* [EXERCISE]: Leave out pictures; repeat exactly the lines from the "General 1920x1080 retrowave" line through the last of the data below.

* [RECORDED DATA]:
※ ※ ※
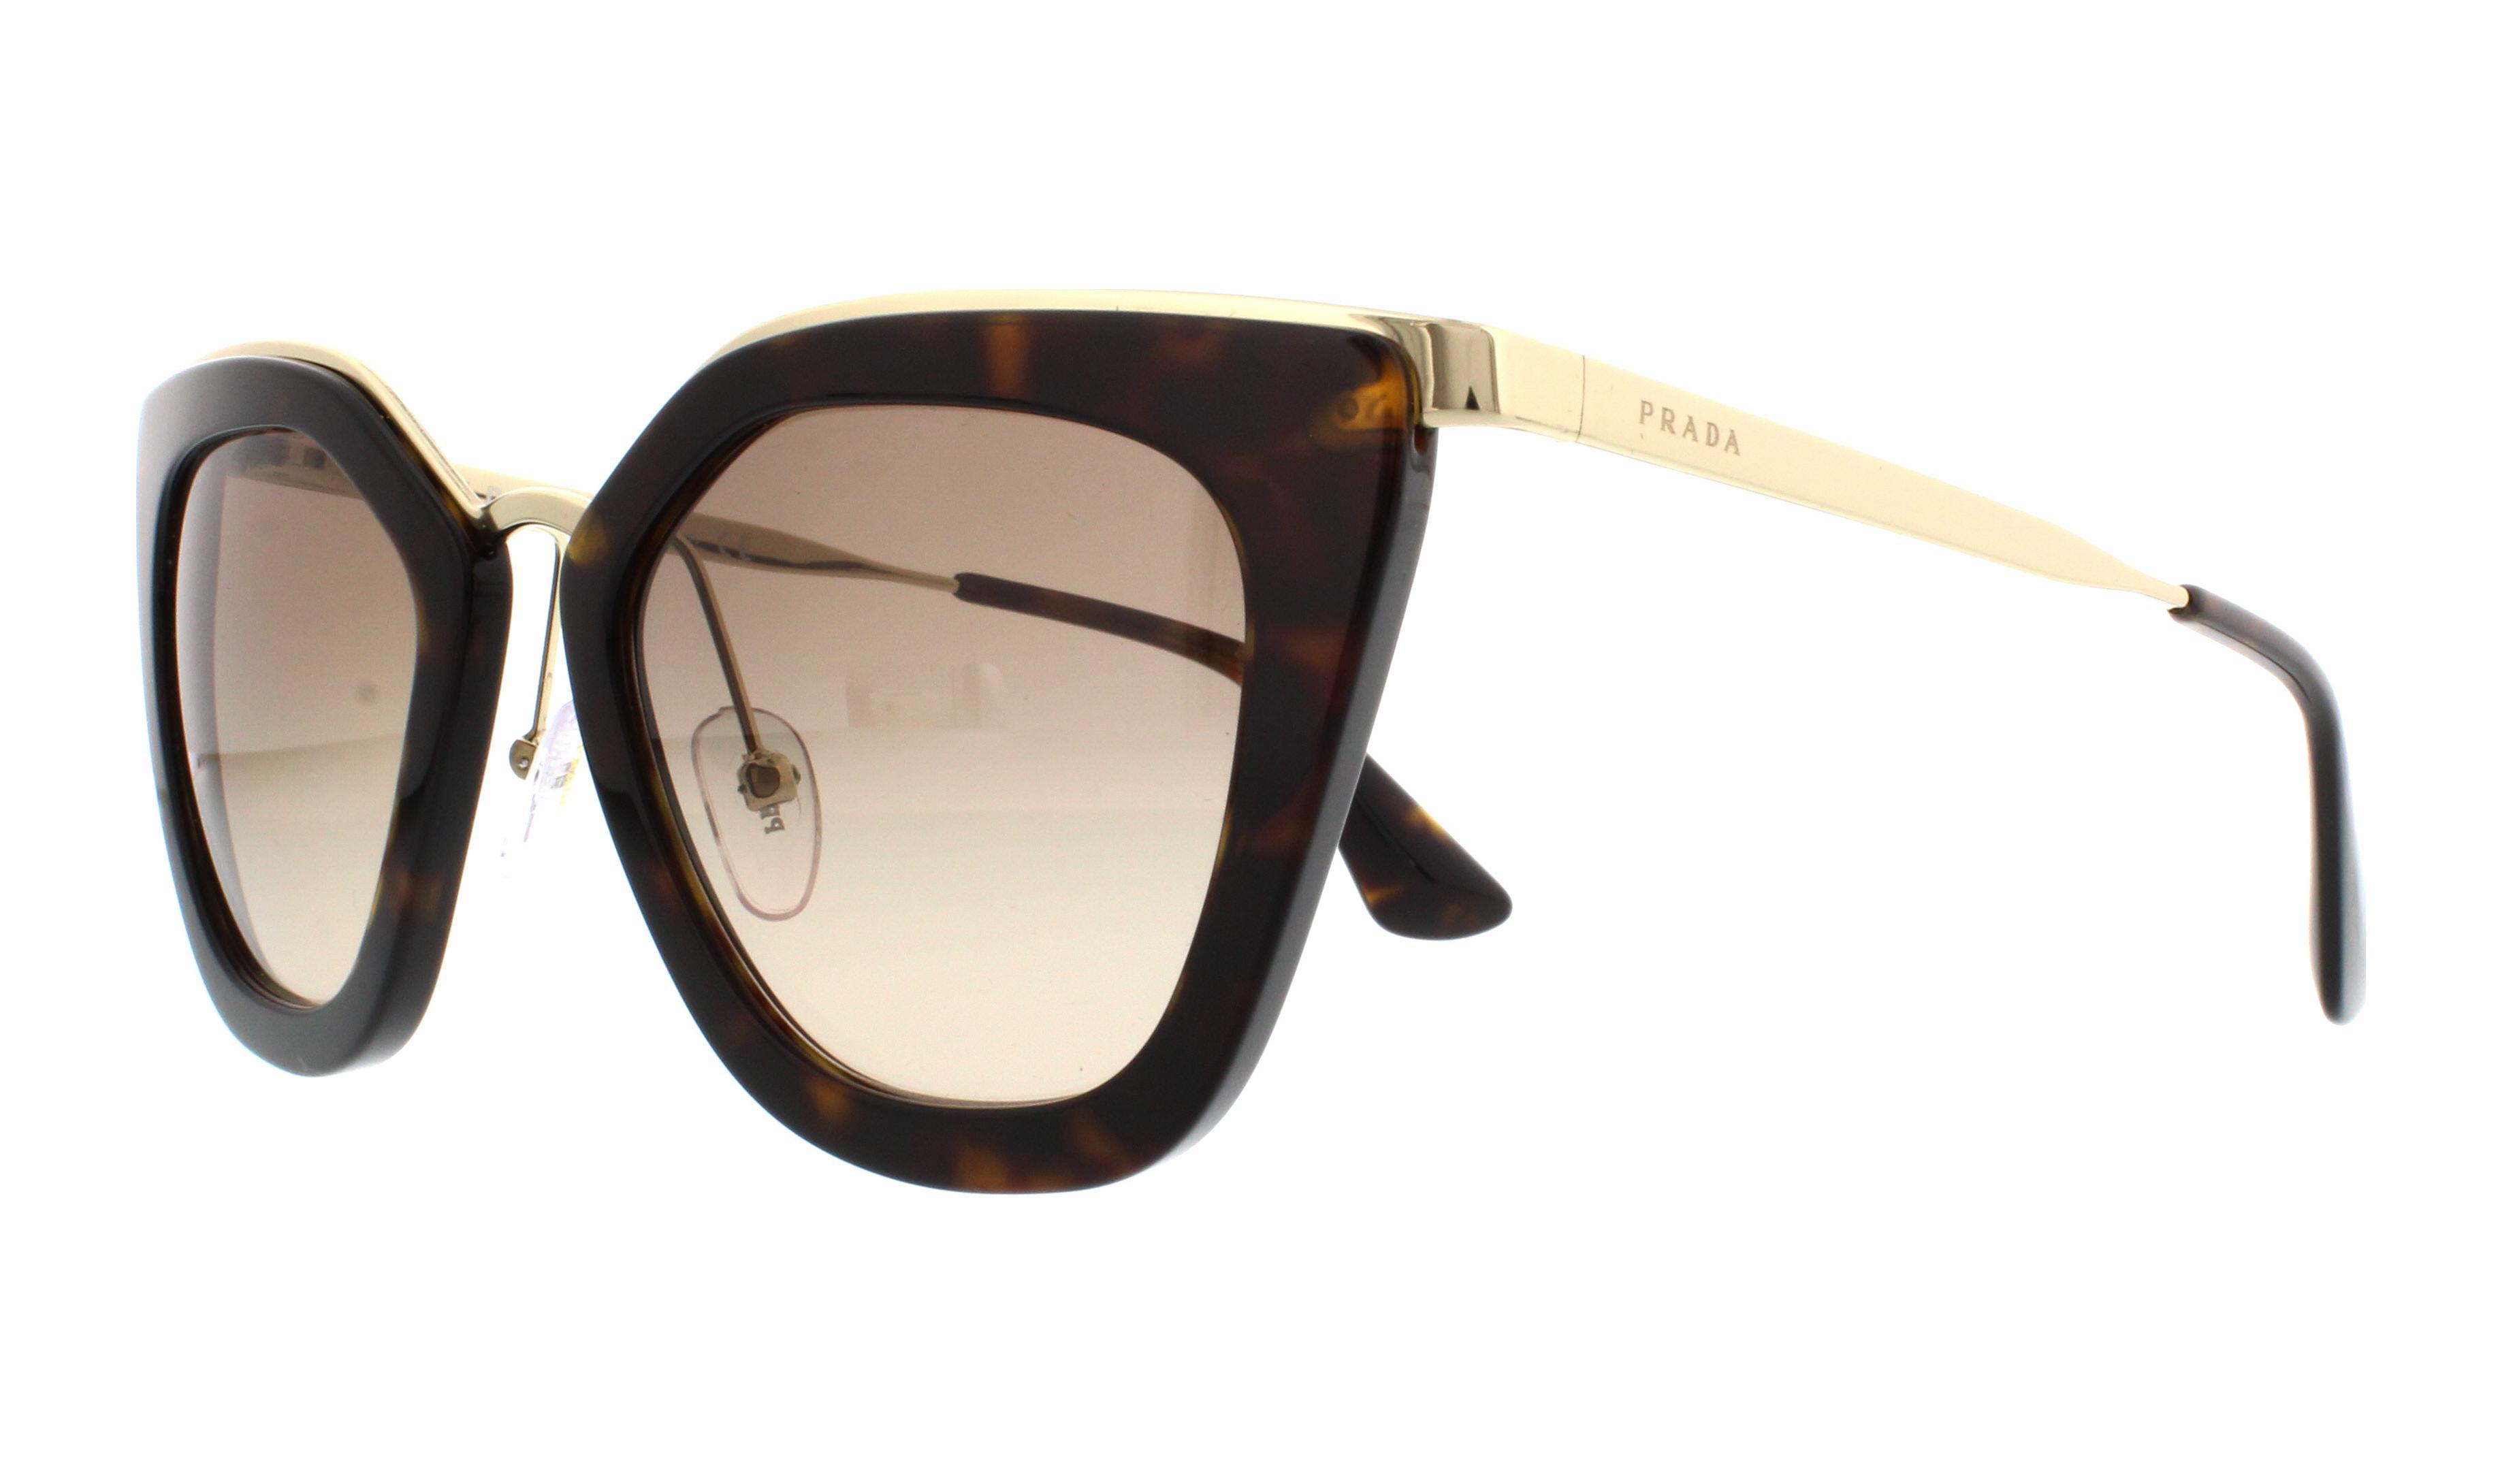 3320abf1407 where to buy prada sunglasses guarantee your satisfaction 18bf9 3b57c
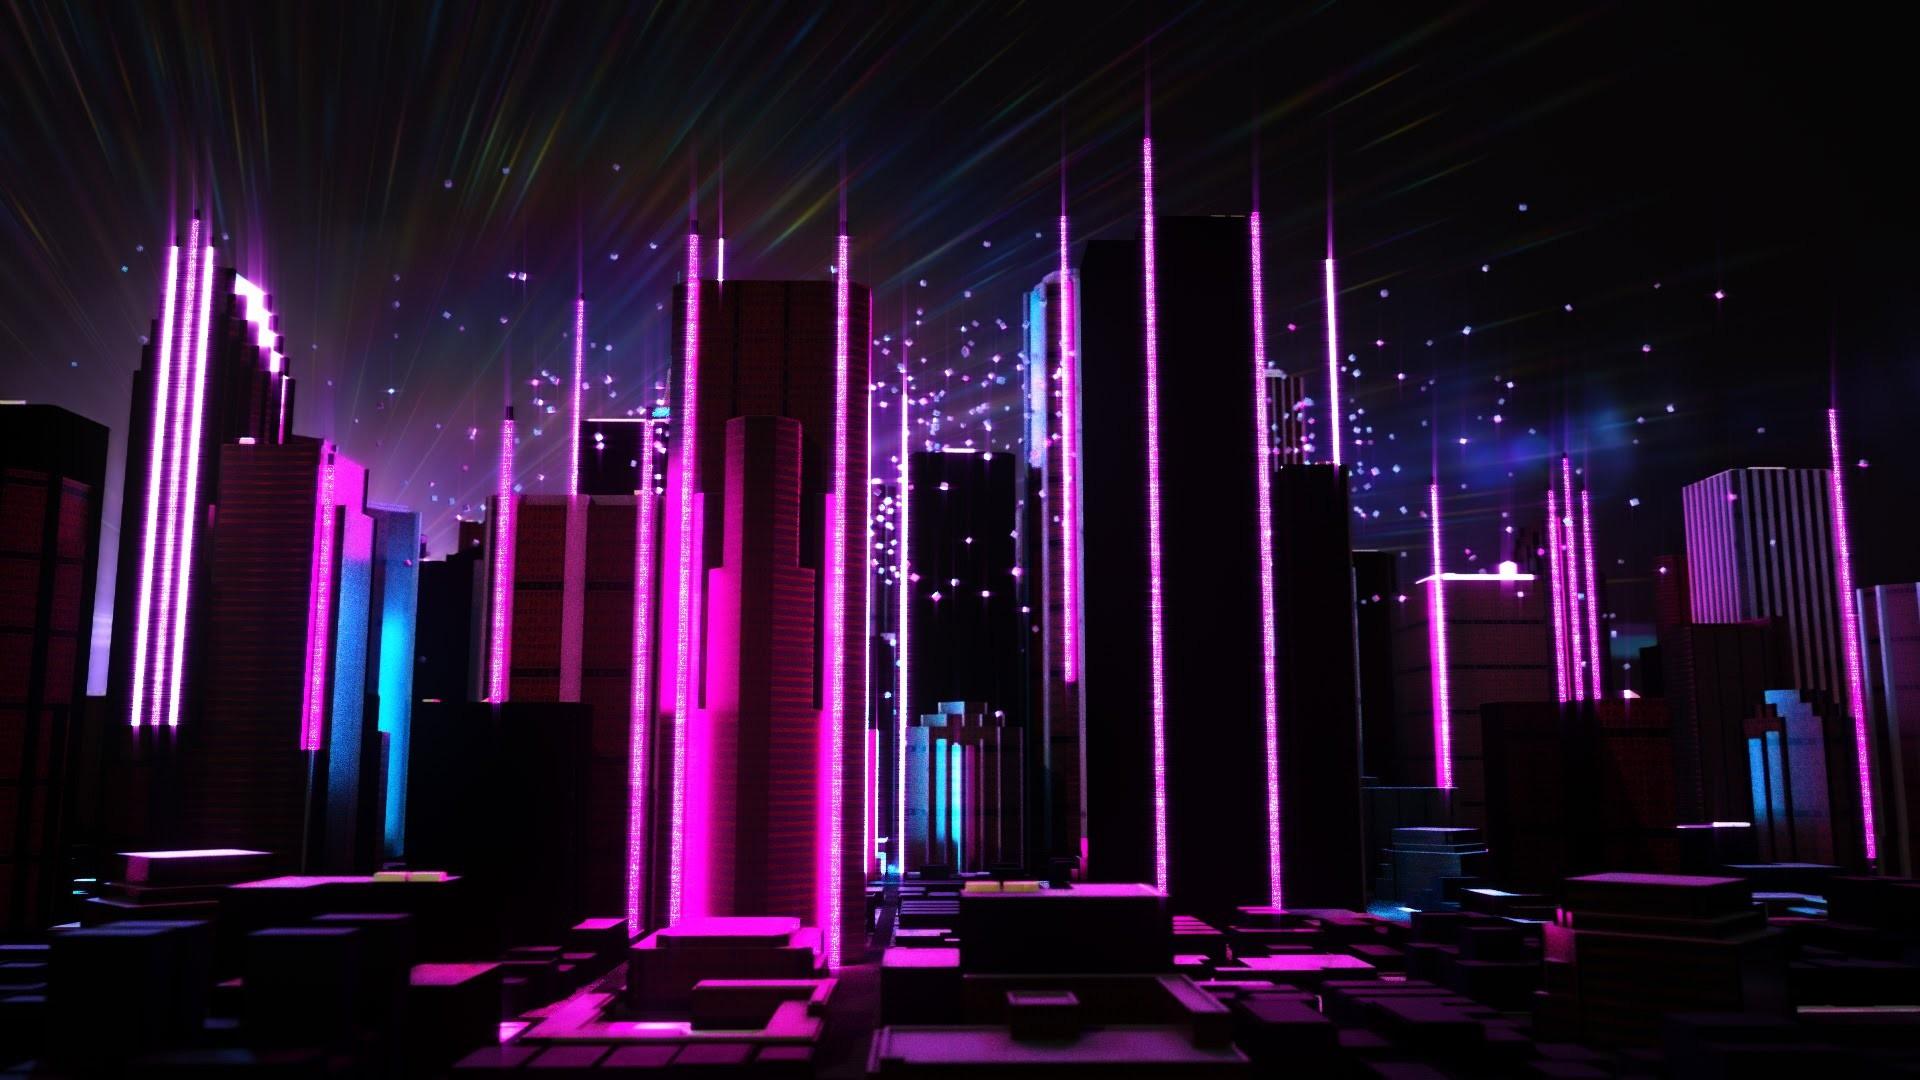 General 1920x1080 retrowave Retrowave purple purple background pink vaporwave abstract stars
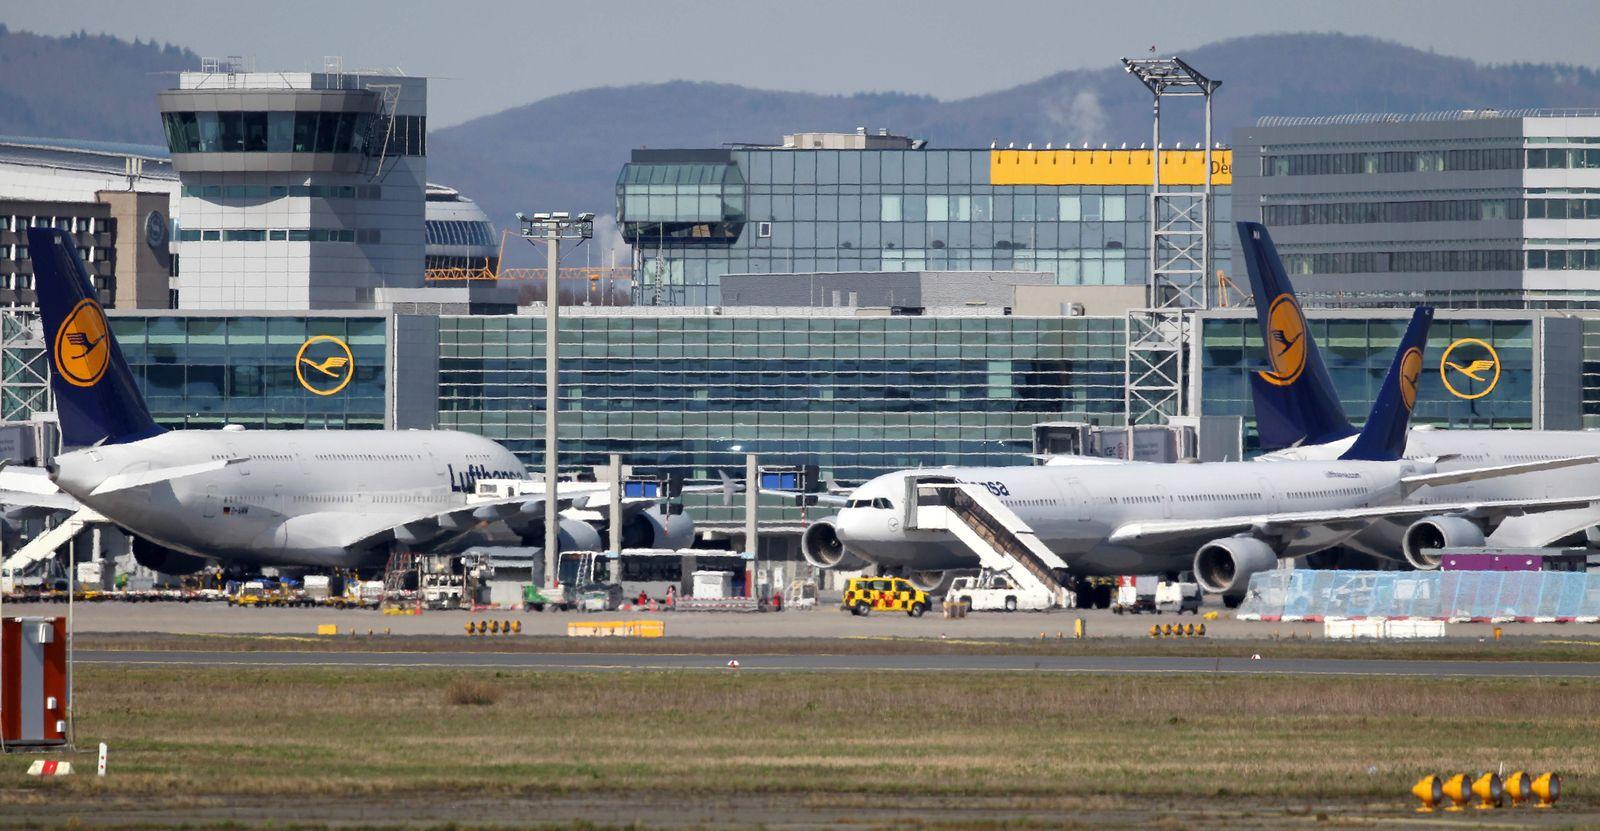 FILES-GERMANY-HEALTH-VIRUS-AIRPORT-AVIATION-CUTS
※ ※ ※
* [RESPONSE TO THE EXERCISE]:
 General 1920x1080 retrowave Retrowave purple purple background pink vaporwave abstract stars
 FILES-GERMANY-HEALTH-VIRUS-AIRPORT-AVIATION-CUTS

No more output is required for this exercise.